Other than its Marilyn Monroe promotional poster, this season's Cannes Film Festival is low-key. Heading the jury for the main competition is Nanni Moretti, an Italian filmmaker and actor known for his Palme d'Or-winning film, The Son's Room (2001). He heads a disparate panel of judges made up of independent filmmakers (Andrea Arnold, Alexander Payne), Euro eye candies (Diane Kruger, Ewan McGregor) and a flamboyant French designer known for legitimizing pointed cone bras back in 1990 (Jean Paul Gaultier).
The jury will have a field day choosing from among a staggering number of new films including Carlos Reygadas' Post Tenebras Lux, David Cronenberg's Cosmopolis (seen below) and Walter Salles' On the Road.
Gaining momentum from last year's prize-winning film, The Tree of Life, the United States dominates the main competition with five nominations.

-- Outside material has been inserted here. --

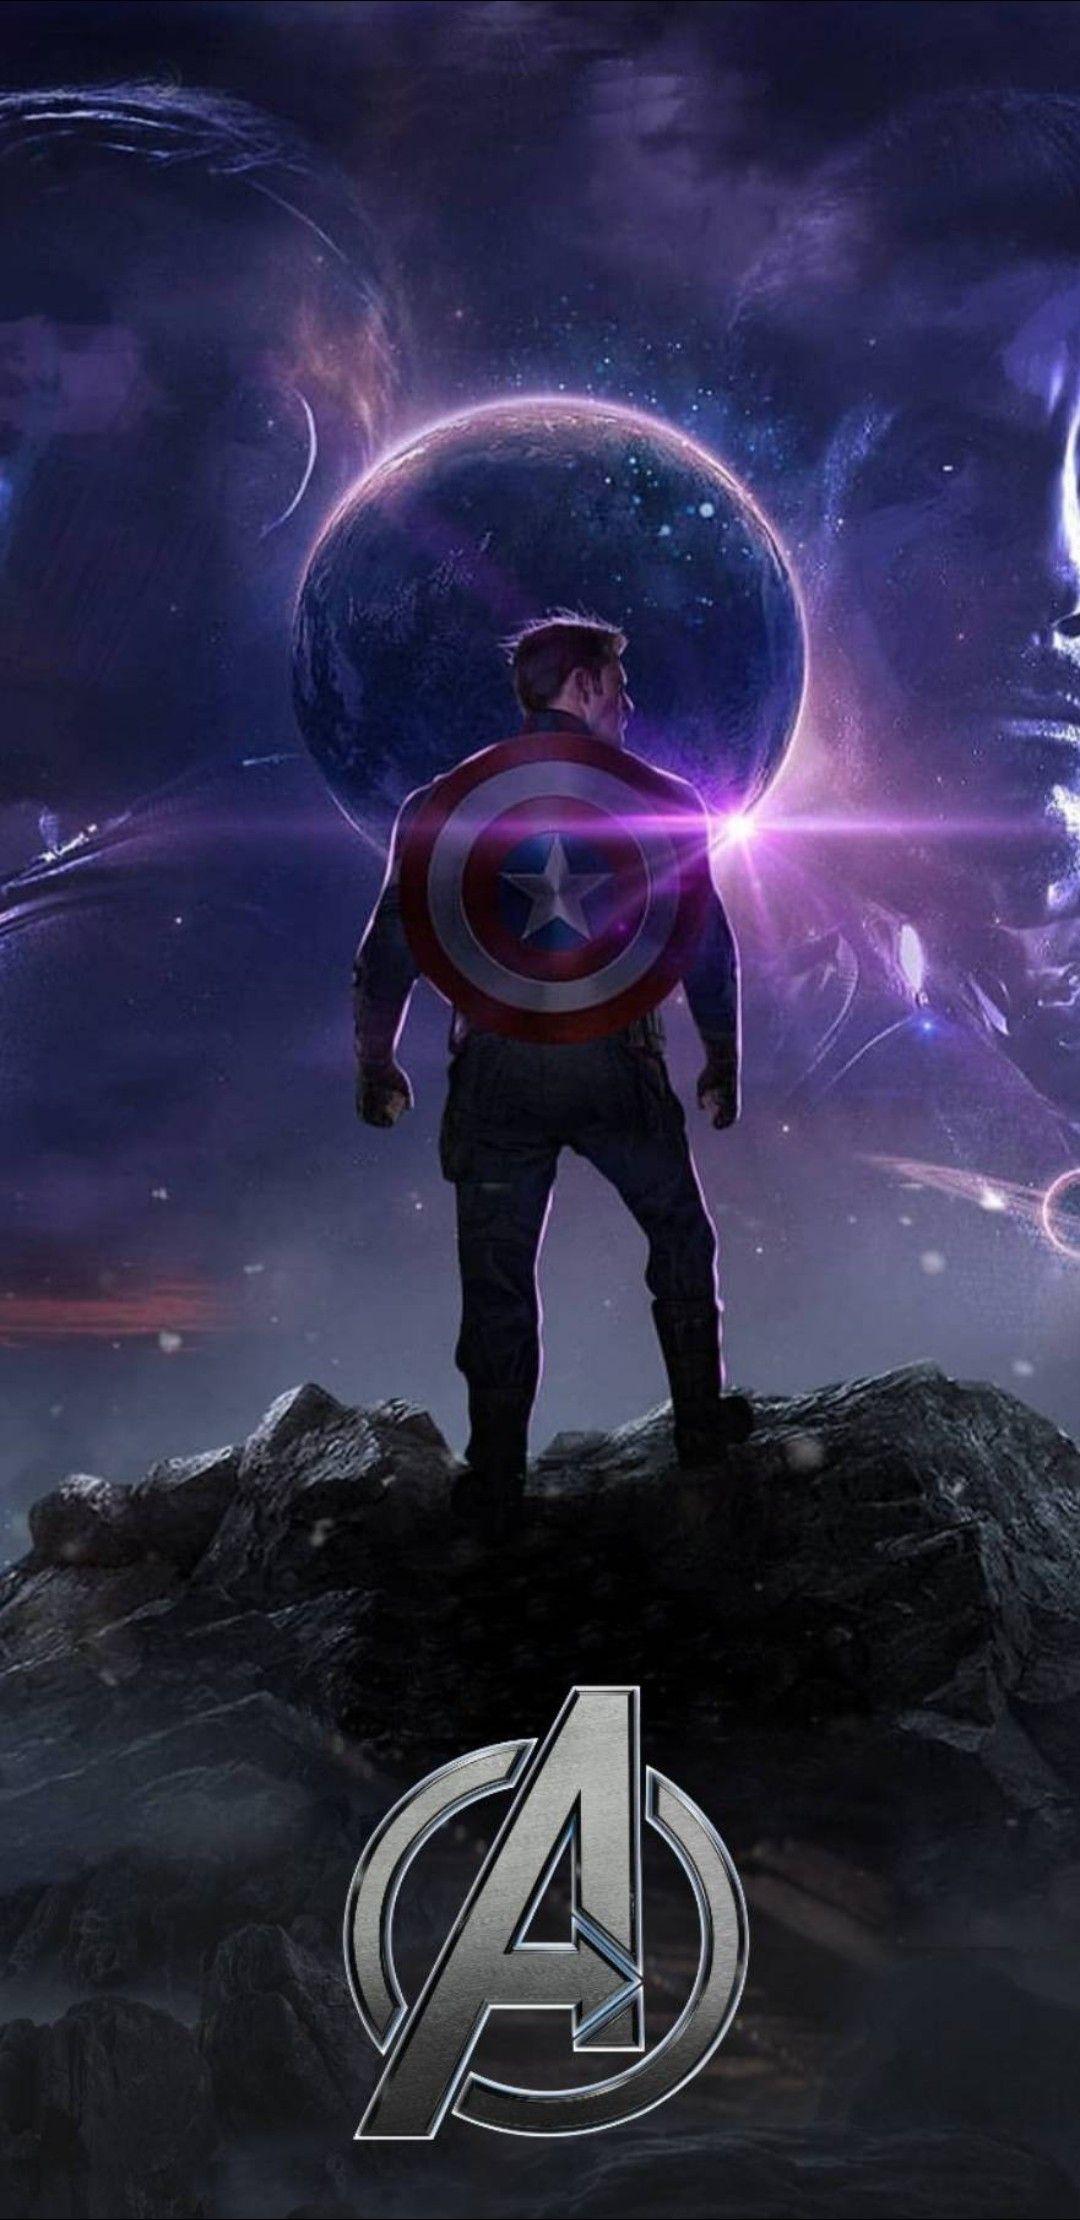 Avengers Captain America Endgame wallpaper. Marvel™. Marvel heroes

Wes Anderson's Moonrise Kingdom, Lee Daniels' The Paperboy, Andrew Dominik's Killing Them Softly, John Hillcoat's Lawless and Jeff Nichols' Mud are all vying for the festival's Palme d'Or.
Thirty-three year old Nichols won last year's Cannes Critics Week Grand Prize for his apocalyptic thriller, Take Shelter. Mud is his third film.
Previous Palme d'Or winners, all of them notable auteurs, bolster this year's main competition lineup. Michael Haneke returns after a three-year Cannes hiatus with Love, an intimate domestic drama; celebrated Iranian filmmaker Abbas Kiarostami crosses boundaries with Like Someone in Love, a searing moral drama shot in Japanese; Cannes darling Ken Loach returns to familiar territory with The Angels' Share, his 11th film to be featured in the festival; and Romanian director Cristian Mungiu (4 Months, 3 Weeks and 2 Days) tests the limits of friendship in Beyond the Hills.
After years of being nominated in the Un Certain Regard category, idiosyncratic Korean filmmaker Hong Sang-soo finally gets a chance at snagging the coveted Palme d'Or. His new film, In Another Country (pictured below), is quirky cool. For some strange reason, French actress Isabelle Huppert is in it. To top it off, she gets to play three roles—all named Anne.